Start of Block

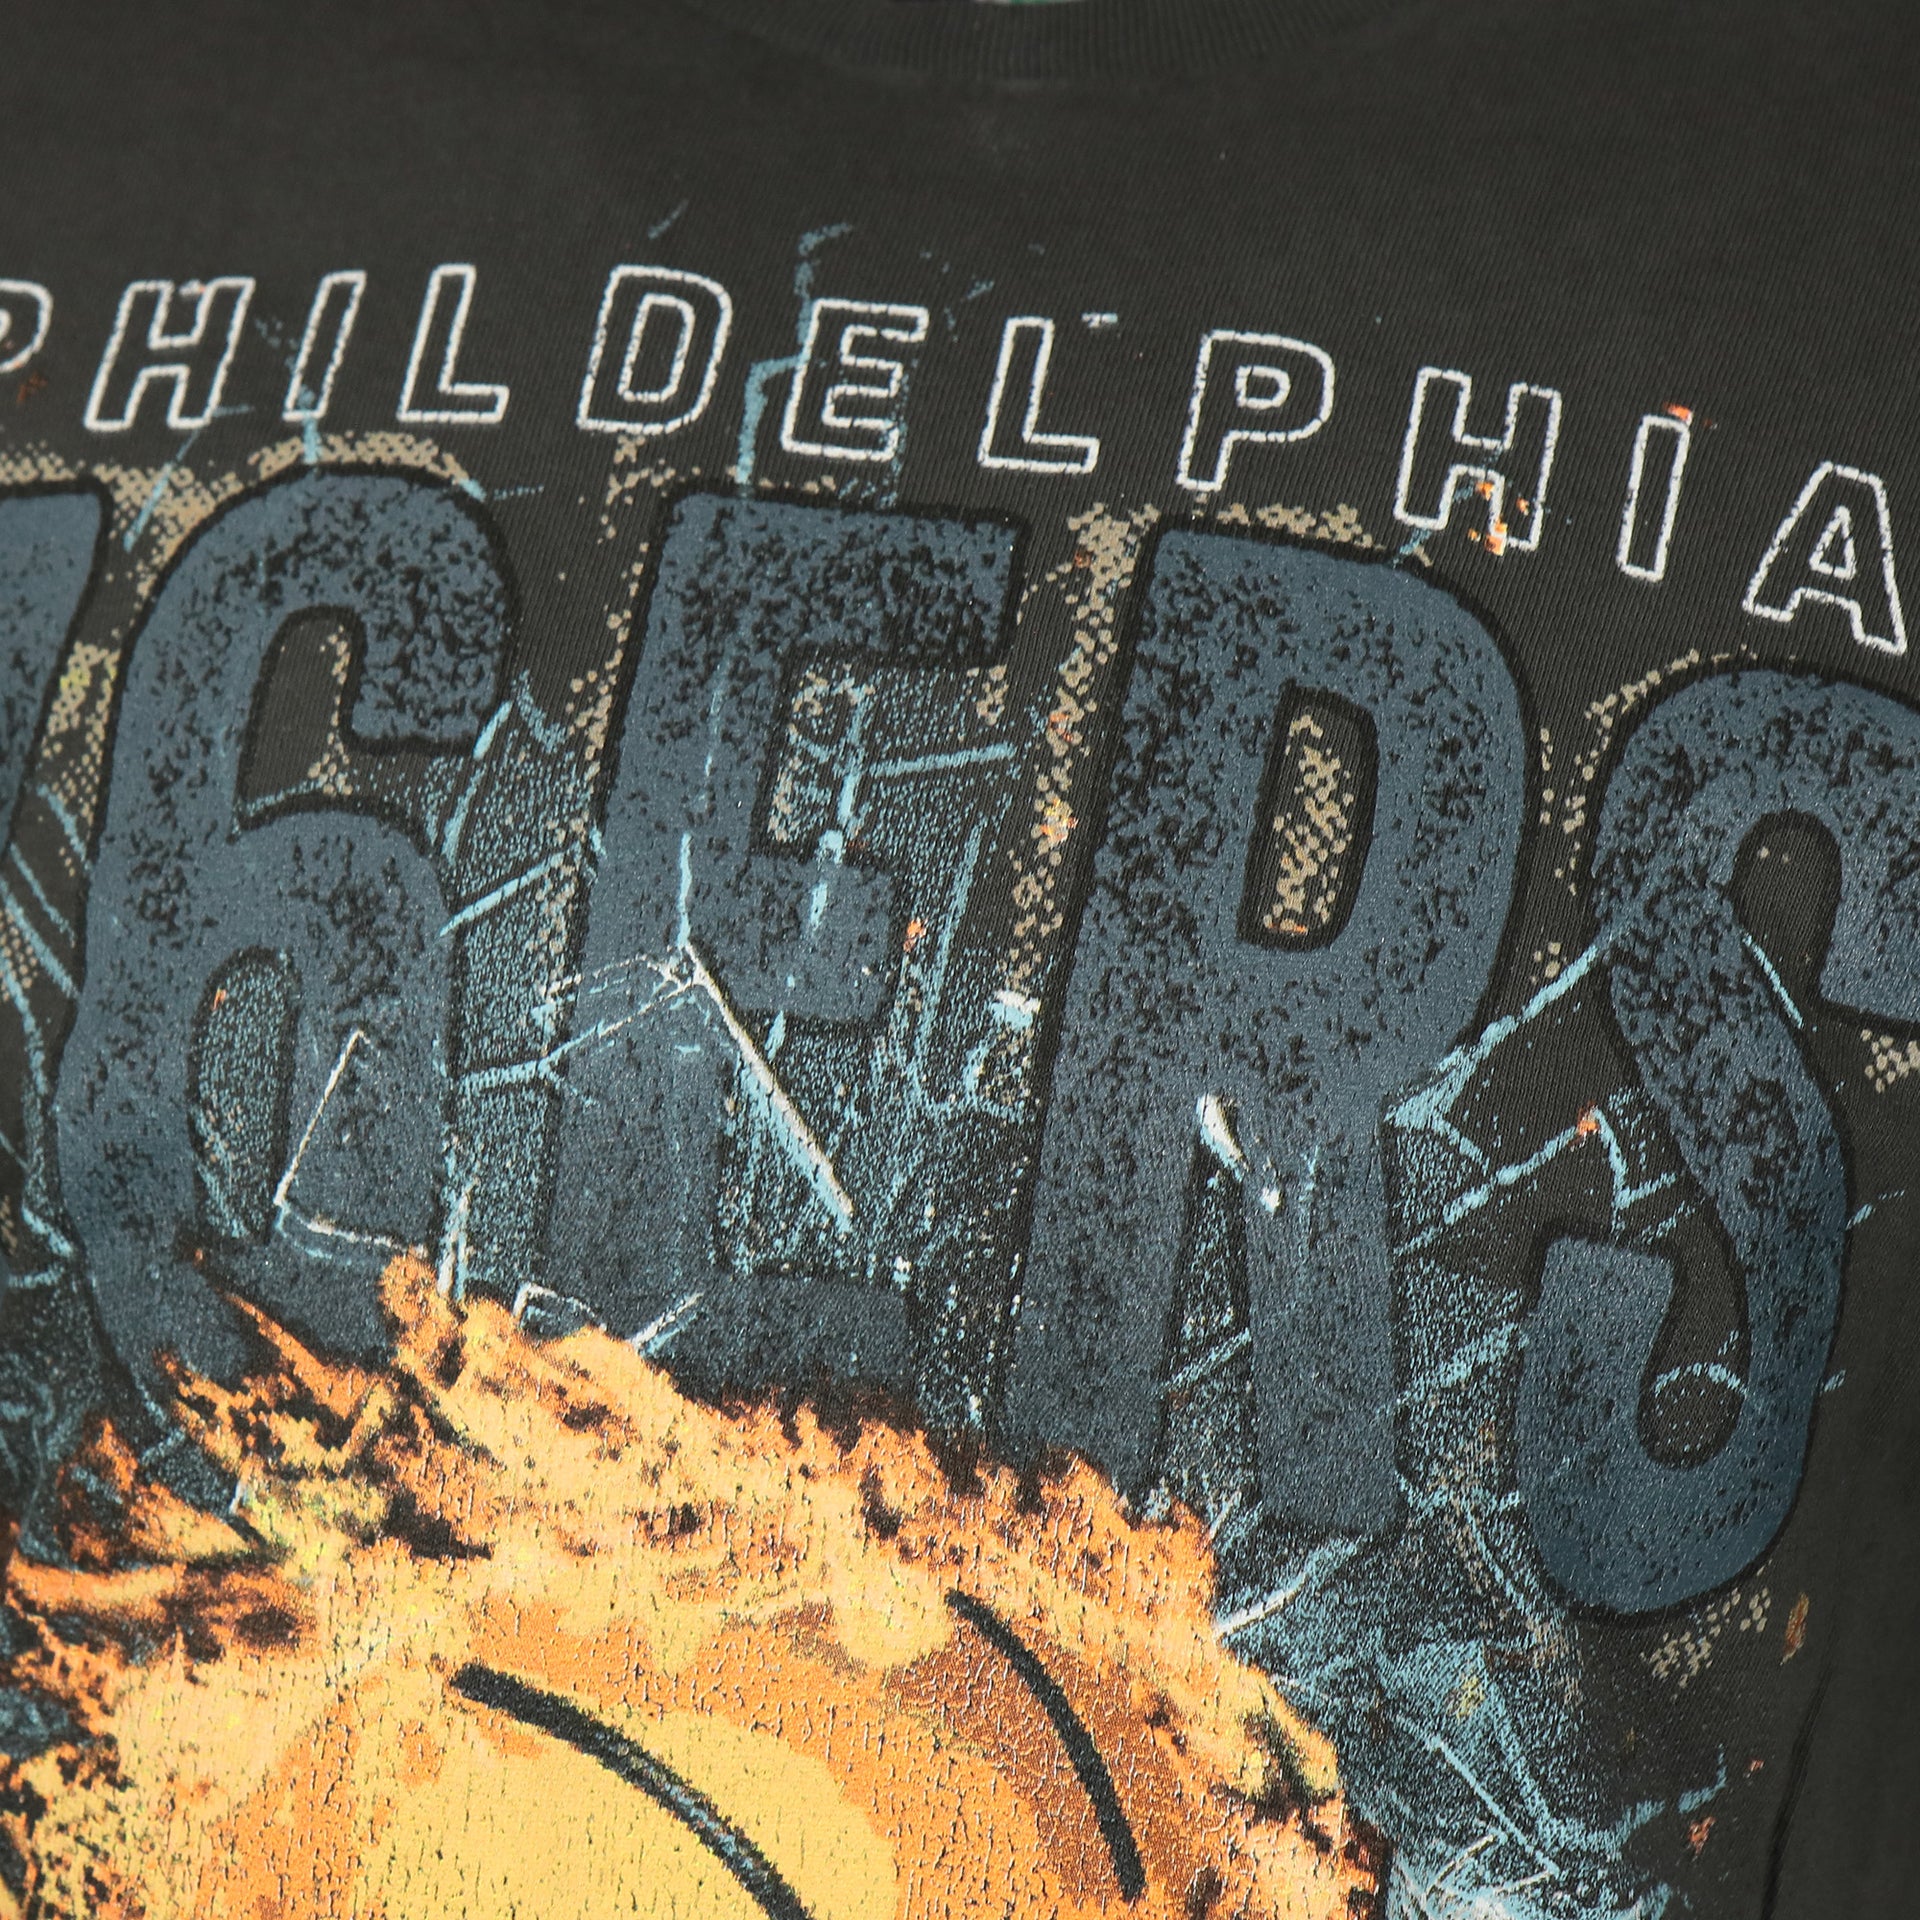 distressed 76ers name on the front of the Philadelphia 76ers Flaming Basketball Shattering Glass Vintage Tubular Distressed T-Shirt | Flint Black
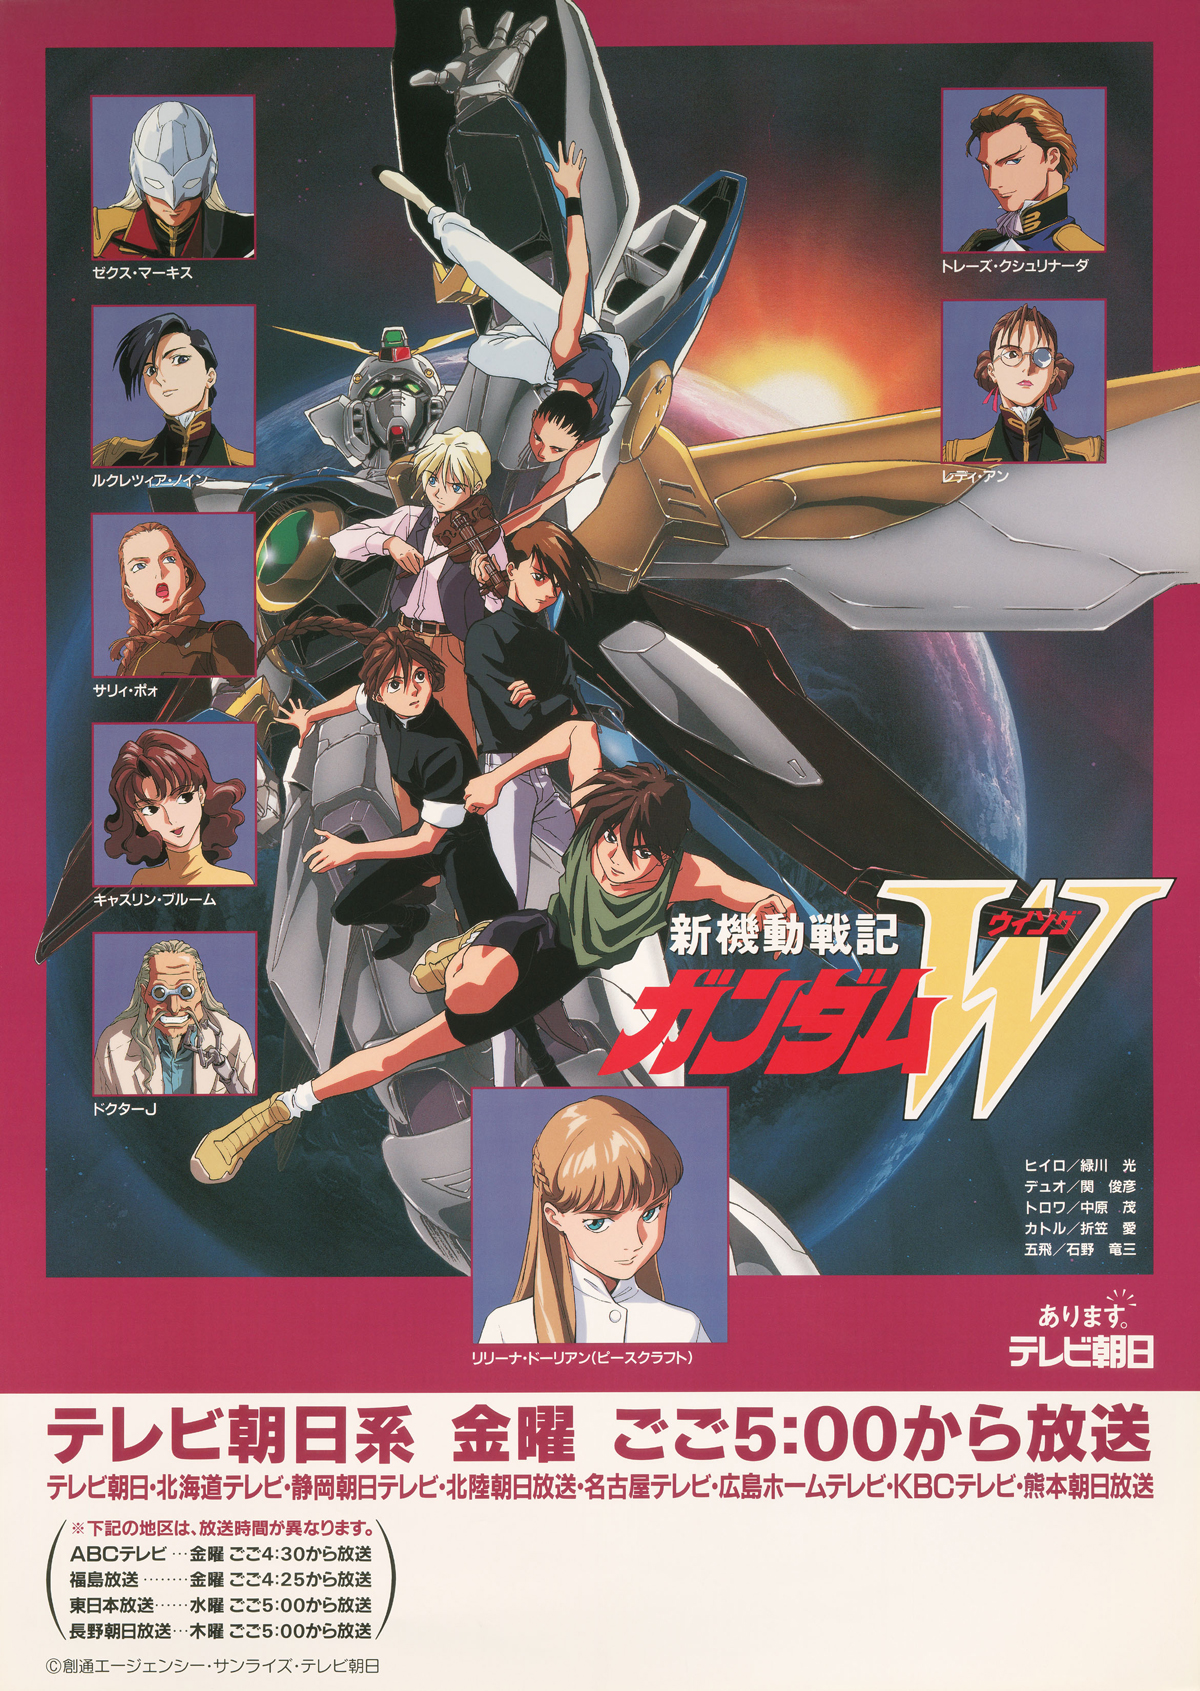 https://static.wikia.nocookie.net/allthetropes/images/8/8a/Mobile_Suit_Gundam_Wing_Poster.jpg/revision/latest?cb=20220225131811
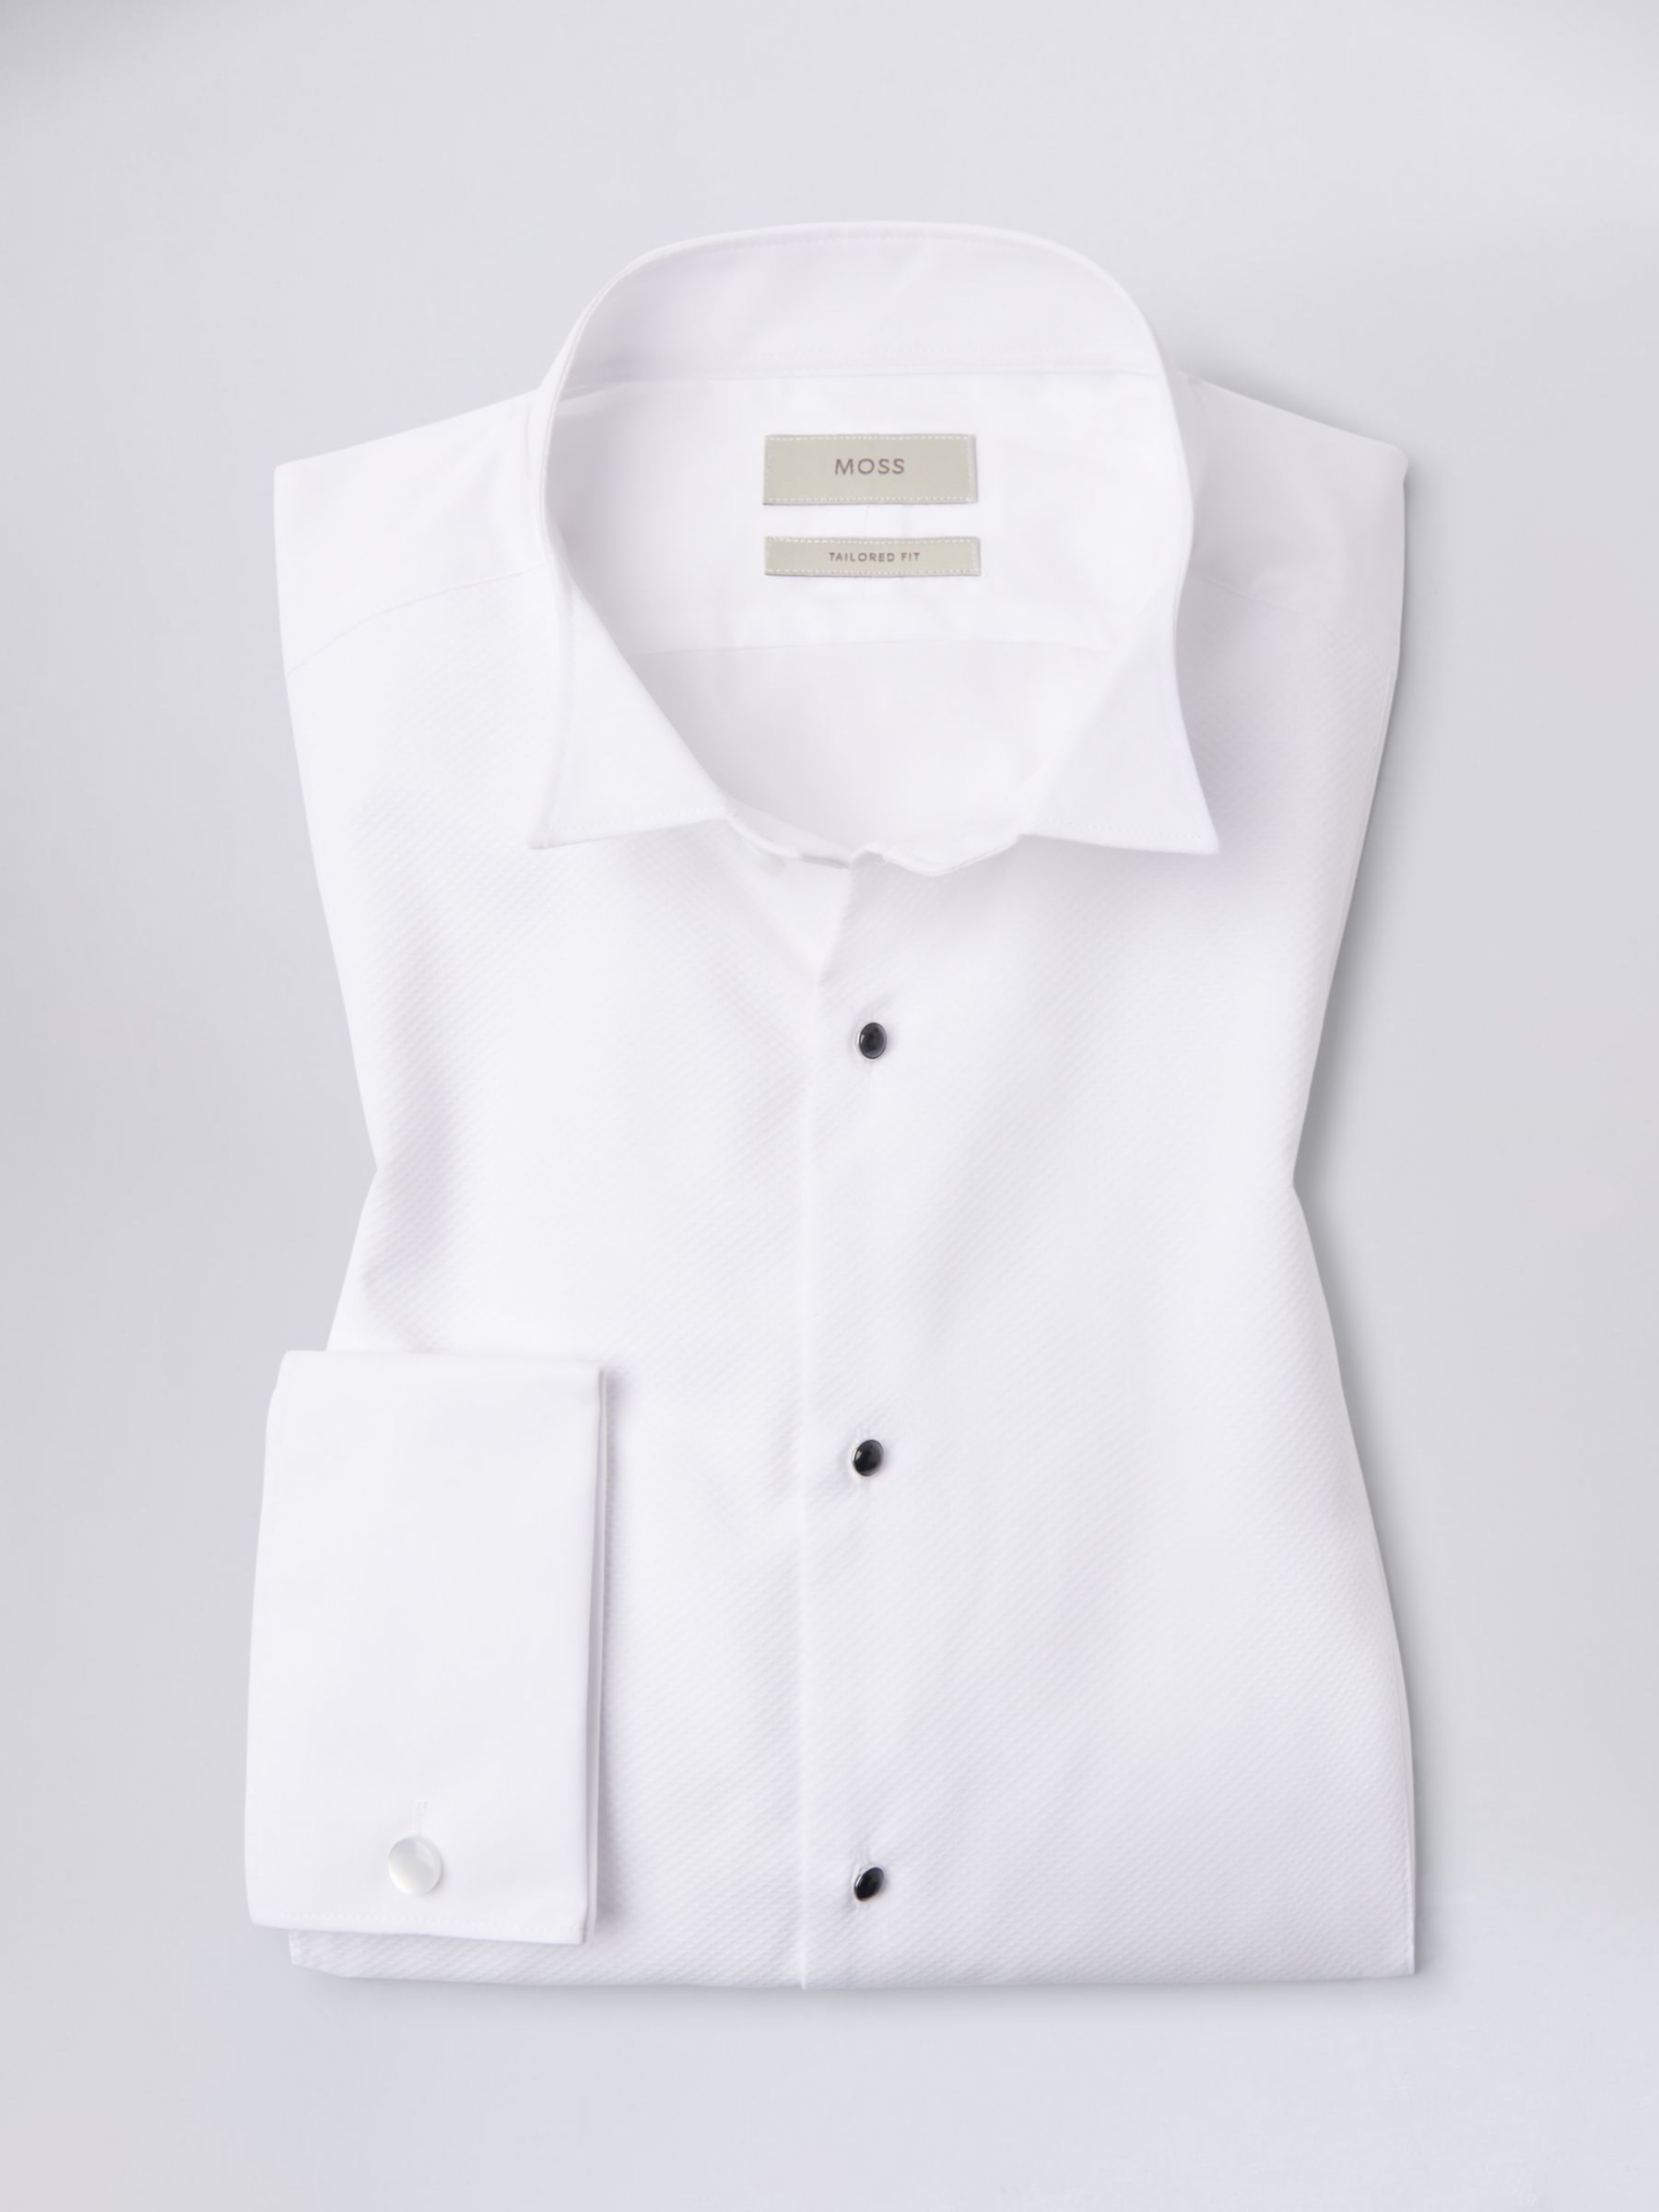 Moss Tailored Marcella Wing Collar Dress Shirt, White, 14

End of Block

Please give back the data above word for word, with no pictures included.

■ Answer section
 distressed 76ers name on the front of the Philadelphia 76ers Flaming Basketball Shattering Glass Vintage Tubular Distressed T-Shirt | Flint Black
 https://static.wikia.nocookie.net/allthetropes/images/8/8a/Mobile_Suit_Gundam_Wing_Poster.jpg/revision/latest?cb=20220225131811
 Moss Tailored Marcella Wing Collar Dress Shirt, White, 14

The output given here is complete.